(Input records):
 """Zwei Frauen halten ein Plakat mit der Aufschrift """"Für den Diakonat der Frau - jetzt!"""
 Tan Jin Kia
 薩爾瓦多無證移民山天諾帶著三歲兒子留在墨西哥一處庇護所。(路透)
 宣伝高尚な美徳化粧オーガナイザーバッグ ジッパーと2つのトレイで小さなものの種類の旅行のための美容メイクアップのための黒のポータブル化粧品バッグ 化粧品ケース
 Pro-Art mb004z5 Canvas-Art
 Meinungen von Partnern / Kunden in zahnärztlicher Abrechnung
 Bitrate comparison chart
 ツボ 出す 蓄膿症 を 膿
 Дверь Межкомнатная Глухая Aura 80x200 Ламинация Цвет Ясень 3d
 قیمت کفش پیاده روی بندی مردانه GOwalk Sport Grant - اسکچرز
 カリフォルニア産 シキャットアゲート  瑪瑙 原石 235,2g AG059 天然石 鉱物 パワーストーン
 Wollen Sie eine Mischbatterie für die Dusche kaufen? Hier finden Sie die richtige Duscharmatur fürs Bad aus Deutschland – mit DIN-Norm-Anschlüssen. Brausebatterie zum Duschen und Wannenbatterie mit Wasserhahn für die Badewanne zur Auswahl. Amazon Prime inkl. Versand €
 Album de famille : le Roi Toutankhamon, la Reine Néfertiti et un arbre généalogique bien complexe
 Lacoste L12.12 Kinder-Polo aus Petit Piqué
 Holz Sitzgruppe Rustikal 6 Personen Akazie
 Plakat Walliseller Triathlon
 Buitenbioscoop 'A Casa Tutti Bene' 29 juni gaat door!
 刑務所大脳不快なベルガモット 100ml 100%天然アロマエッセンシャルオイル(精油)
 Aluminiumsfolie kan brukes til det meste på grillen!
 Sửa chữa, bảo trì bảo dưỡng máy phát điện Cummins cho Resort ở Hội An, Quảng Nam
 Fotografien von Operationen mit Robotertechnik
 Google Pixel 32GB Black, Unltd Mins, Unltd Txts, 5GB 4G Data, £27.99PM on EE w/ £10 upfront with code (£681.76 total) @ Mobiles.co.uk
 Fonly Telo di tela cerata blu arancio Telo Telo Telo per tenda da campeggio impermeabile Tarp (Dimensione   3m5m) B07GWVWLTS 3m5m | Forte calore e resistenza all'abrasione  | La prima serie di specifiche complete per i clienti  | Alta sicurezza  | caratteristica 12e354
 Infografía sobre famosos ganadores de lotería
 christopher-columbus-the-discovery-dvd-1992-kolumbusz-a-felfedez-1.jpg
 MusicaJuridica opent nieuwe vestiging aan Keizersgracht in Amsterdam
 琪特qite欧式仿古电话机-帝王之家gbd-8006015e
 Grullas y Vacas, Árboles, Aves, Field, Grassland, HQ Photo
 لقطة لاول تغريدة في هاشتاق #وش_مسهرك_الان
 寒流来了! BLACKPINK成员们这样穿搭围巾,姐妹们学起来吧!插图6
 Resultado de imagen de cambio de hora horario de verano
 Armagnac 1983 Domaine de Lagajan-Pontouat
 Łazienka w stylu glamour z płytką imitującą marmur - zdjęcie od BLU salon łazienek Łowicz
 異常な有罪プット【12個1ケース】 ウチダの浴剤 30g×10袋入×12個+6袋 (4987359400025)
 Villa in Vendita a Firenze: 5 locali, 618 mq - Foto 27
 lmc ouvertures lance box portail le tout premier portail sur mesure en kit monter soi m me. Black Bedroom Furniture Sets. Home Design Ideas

(Your task): Transcribe exactly, and only, the lines from the opening line of the records through the line containing "ツボ 出す 蓄膿症 を 膿".

(Response area):
 """Zwei Frauen halten ein Plakat mit der Aufschrift """"Für den Diakonat der Frau - jetzt!"""
 Tan Jin Kia
 薩爾瓦多無證移民山天諾帶著三歲兒子留在墨西哥一處庇護所。(路透)
 宣伝高尚な美徳化粧オーガナイザーバッグ ジッパーと2つのトレイで小さなものの種類の旅行のための美容メイクアップのための黒のポータブル化粧品バッグ 化粧品ケース
 Pro-Art mb004z5 Canvas-Art
 Meinungen von Partnern / Kunden in zahnärztlicher Abrechnung
 Bitrate comparison chart
 ツボ 出す 蓄膿症 を 膿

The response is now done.